The film will be shown Sunday afternoon, Oct. 26, at Chabad of Western Monmouth County in Manalapan. 

Stateless was an official selection of the Boston Jewish Film Festival and has been widely praised.

Les Zeltserman of Tablet magazine described it as “a powerful, moving portrayal of what is, for many of us, the most important event of our lives.”

“No one had ever asked about the process, then along came Michael. This film is as close as I’ve ever seen to what actually happened,” said David Harris, executive director of the American Jewish Committee.

At the Chabad showing, Drob will introduce the film and take questions from the audience.

In 1989, Drob said, Sen. Frank Lautenberg (D-NJ) spearheaded passage of an amendment that changed the criteria on which would-be immigrants to the United States were classified as “refugees.”

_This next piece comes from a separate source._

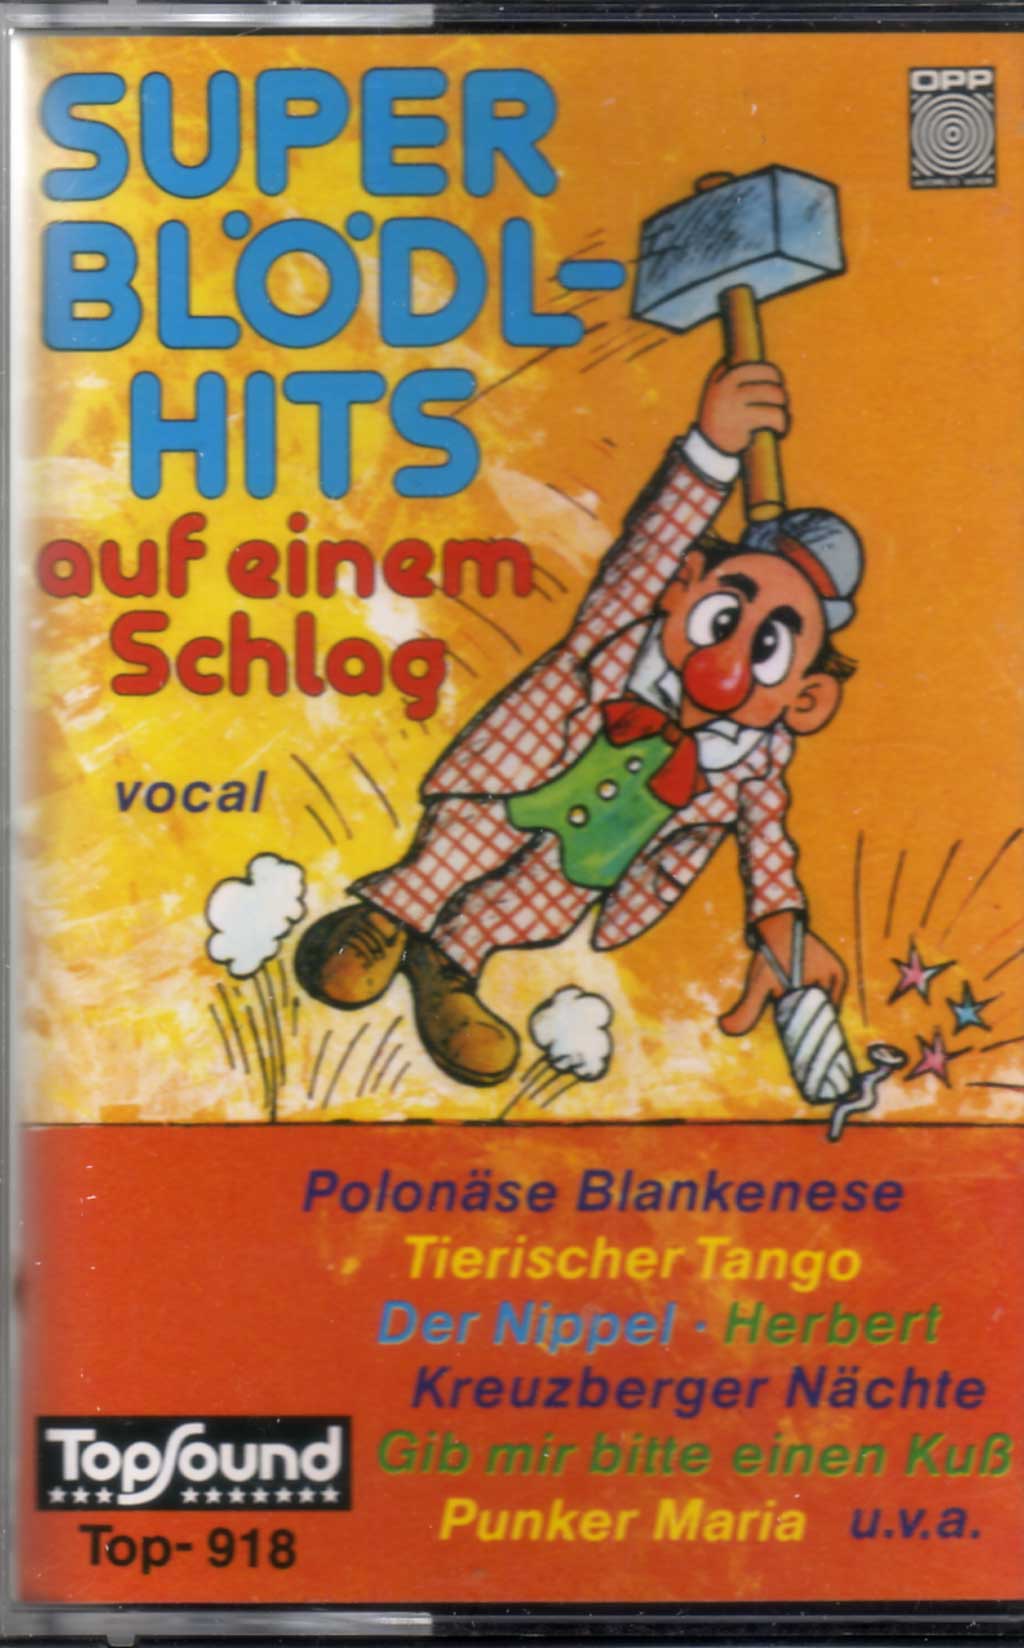 Musikkassette mit Blödel-Hits
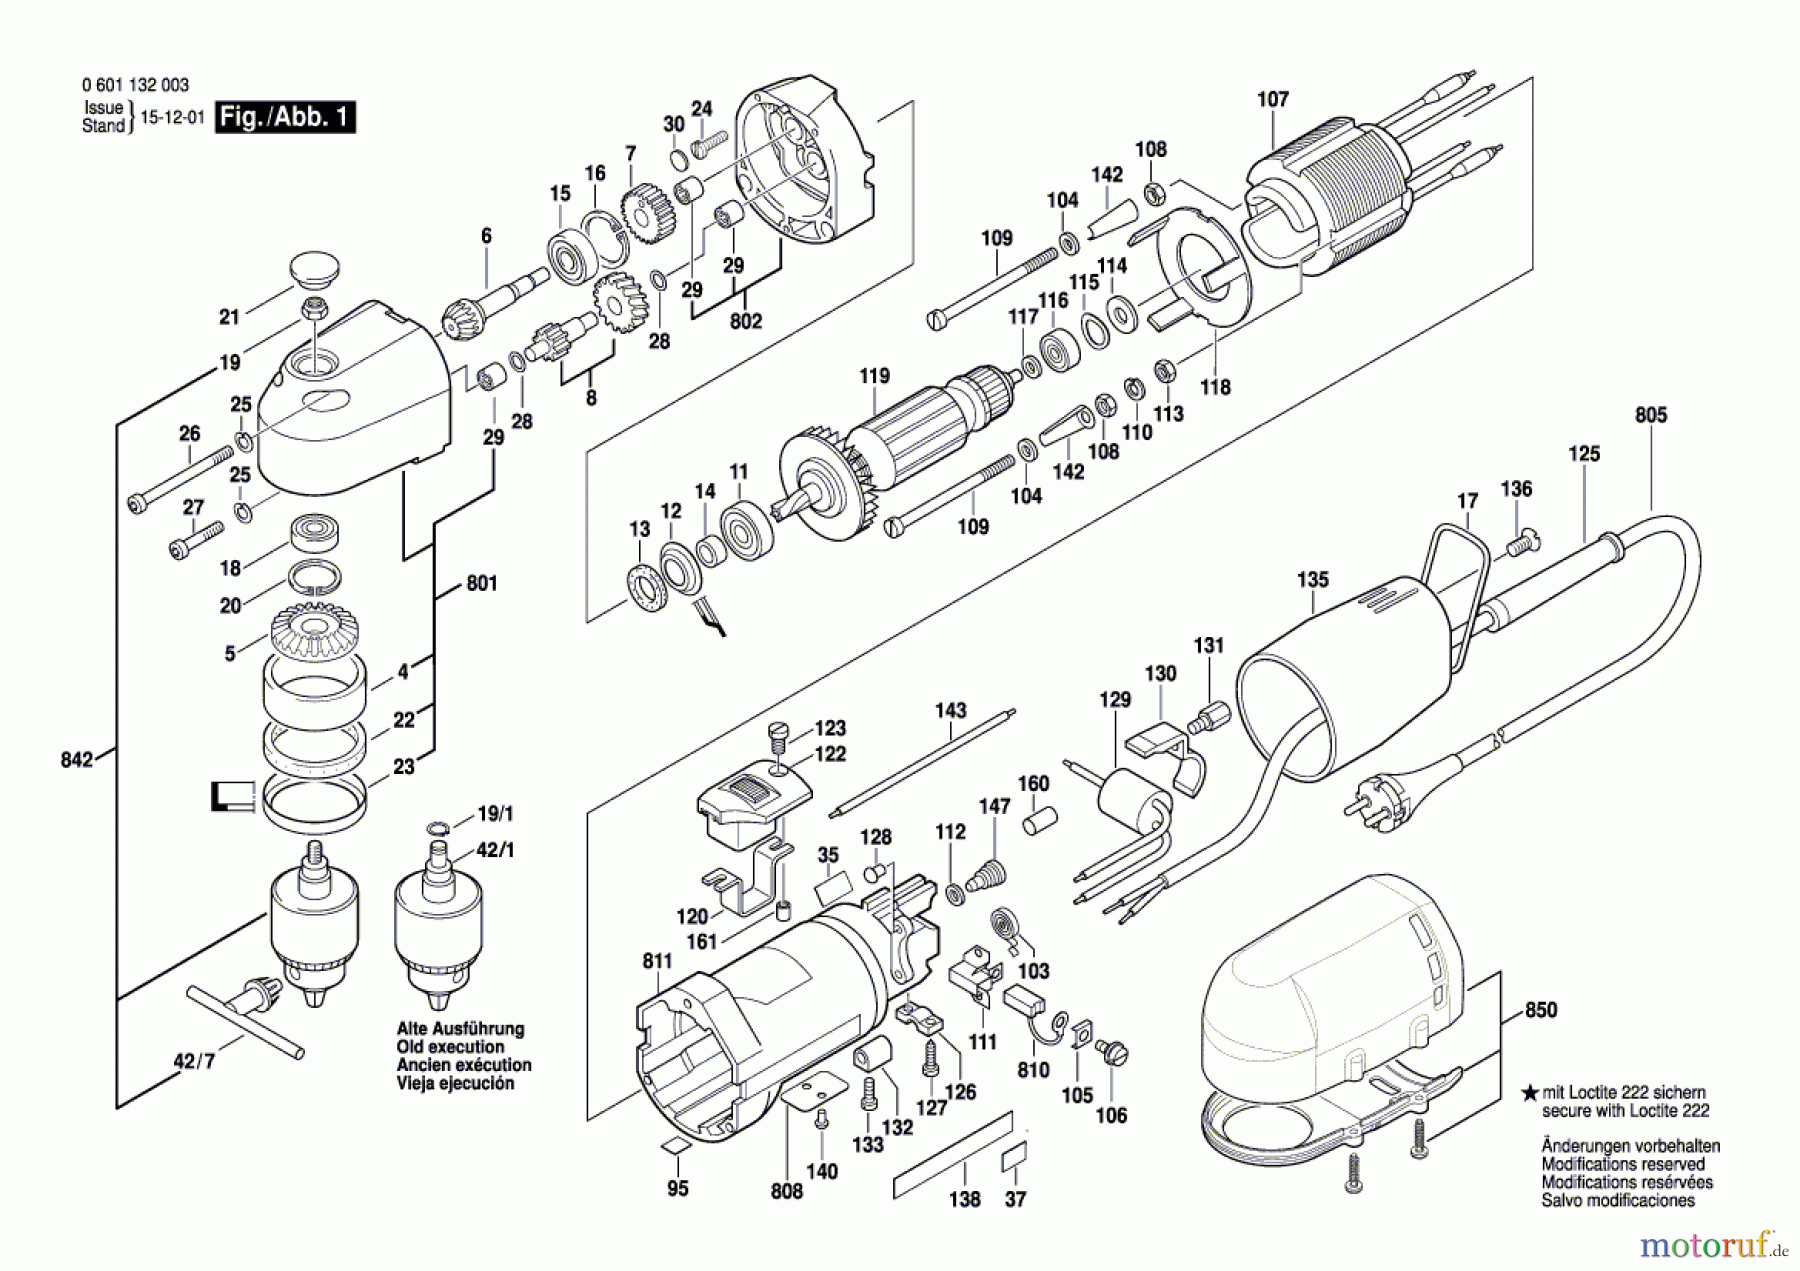  Bosch Werkzeug Winkelbohrmaschine GWB 10 Seite 1

“Before the amendment, families claiming refugee status had to prove a well-founded fear of persecution on the basis of race, religion, nationality, membership in a social group, or political opinion, and they had to do this on a case-by-case basis,” said Drob. This was a slow, laborious process at best and often led to heartbreak when applicants could not obtain entry — sometimes due to inconsistent decisions by Department of Immigration employees.

Under the Lautenberg amendment, said the filmmaker, a group of people such as the Soviet Jews could be considered as a class that had historically been subjected to persecution and, therefore, was recognized as deserving refugee consideration. 

“This is my first feature-length film,” Drob told NJJN in a phone interview. “I worked on it for more than a year, but I never did get a definitive answer on why visas weren’t being issued. I did, however, learn what finally broke up the logjam and enabled our admission to the United States.”